> **Work required**: Wherever the line with "L'Amazonas, Brésil. Un" sits in the listing below, transcribe from it up to and including the line with "Tuba Christmas.The Tuba", exactly, and leave the remaining lines out.
[Information given Boundary: Start]
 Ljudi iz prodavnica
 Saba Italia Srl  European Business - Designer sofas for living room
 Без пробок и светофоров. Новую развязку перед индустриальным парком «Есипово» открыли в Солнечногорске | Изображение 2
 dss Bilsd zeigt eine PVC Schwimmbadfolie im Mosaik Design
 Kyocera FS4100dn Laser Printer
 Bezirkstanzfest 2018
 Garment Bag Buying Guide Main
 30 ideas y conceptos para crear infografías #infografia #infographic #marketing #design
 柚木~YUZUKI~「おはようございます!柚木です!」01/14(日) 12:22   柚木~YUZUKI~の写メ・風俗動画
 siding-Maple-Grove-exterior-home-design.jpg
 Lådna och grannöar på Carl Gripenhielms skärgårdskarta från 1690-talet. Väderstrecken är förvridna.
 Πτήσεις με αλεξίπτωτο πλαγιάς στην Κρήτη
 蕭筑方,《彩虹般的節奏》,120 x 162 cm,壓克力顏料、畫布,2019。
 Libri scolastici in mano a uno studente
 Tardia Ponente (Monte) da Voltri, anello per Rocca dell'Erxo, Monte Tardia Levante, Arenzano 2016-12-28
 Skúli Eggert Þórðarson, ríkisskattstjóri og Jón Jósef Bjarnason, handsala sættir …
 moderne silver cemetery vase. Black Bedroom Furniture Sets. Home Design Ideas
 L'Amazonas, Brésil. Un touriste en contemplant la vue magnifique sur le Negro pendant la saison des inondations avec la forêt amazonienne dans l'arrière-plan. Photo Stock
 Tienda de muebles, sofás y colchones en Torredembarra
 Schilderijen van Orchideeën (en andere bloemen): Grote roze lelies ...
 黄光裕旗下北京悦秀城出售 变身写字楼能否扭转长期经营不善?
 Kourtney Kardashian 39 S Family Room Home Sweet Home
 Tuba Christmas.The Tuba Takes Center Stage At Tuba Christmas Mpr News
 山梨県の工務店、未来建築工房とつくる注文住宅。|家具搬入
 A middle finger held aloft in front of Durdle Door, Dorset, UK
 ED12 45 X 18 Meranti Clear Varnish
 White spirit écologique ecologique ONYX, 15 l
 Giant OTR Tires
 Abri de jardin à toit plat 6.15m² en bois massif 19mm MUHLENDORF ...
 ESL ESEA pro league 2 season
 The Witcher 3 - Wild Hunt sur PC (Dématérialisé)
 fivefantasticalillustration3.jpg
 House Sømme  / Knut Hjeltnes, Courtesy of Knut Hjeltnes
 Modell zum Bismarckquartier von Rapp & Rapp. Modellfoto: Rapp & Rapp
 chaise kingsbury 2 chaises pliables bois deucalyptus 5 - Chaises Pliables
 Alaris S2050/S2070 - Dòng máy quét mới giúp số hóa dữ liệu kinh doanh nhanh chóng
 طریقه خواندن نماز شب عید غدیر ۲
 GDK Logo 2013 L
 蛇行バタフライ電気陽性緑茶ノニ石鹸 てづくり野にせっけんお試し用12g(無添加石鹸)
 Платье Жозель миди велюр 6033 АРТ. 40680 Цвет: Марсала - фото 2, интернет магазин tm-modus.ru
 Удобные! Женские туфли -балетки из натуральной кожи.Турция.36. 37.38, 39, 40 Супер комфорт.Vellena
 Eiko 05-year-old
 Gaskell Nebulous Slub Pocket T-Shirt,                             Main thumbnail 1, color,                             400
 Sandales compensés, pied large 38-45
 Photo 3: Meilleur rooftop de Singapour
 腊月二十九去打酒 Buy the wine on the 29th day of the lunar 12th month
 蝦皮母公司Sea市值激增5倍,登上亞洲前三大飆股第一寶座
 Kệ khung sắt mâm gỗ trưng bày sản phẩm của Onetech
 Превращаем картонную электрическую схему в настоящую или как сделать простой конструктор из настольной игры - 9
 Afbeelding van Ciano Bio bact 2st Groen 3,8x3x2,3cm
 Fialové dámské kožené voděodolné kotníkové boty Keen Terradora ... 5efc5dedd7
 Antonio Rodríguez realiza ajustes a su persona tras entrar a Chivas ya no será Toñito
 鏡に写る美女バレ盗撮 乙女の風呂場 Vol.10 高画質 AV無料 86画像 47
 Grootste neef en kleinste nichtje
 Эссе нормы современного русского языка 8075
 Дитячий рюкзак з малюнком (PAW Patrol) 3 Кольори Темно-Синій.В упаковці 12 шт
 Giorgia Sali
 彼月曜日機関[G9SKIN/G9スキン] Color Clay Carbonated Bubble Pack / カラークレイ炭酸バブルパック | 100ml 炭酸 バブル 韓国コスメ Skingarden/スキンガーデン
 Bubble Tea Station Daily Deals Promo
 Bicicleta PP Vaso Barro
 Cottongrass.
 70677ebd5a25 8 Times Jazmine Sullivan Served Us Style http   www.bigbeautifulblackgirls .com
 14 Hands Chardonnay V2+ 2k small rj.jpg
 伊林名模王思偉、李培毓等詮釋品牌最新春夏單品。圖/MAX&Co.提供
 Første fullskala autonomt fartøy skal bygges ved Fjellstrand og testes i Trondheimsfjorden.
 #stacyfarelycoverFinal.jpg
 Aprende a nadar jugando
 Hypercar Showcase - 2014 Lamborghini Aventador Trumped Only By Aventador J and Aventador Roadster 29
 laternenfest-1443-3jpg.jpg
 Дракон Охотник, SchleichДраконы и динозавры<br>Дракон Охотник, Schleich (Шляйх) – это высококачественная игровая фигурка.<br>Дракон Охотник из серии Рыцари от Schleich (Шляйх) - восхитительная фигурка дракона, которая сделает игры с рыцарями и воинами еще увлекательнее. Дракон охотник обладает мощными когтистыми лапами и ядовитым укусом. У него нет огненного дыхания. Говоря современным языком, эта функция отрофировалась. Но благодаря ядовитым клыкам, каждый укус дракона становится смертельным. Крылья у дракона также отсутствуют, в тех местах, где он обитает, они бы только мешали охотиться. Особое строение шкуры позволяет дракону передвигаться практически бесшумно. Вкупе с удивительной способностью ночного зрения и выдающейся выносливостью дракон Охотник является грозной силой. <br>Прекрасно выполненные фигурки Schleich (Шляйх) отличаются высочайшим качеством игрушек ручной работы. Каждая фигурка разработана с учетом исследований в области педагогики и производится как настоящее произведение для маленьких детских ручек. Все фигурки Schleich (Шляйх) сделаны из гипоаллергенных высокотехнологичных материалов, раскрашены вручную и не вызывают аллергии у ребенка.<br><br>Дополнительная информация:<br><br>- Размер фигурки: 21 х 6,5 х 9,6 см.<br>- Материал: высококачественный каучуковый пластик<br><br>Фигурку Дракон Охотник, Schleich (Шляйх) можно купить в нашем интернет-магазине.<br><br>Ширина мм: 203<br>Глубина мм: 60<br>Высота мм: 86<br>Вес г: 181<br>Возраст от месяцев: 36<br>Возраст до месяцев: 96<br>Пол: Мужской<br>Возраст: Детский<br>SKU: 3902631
[Information given Boundary: End]
> **Exercise solution**:
 L'Amazonas, Brésil. Un touriste en contemplant la vue magnifique sur le Negro pendant la saison des inondations avec la forêt amazonienne dans l'arrière-plan. Photo Stock
 Tienda de muebles, sofás y colchones en Torredembarra
 Schilderijen van Orchideeën (en andere bloemen): Grote roze lelies ...
 黄光裕旗下北京悦秀城出售 变身写字楼能否扭转长期经营不善?
 Kourtney Kardashian 39 S Family Room Home Sweet Home
 Tuba Christmas.The Tuba Takes Center Stage At Tuba Christmas Mpr News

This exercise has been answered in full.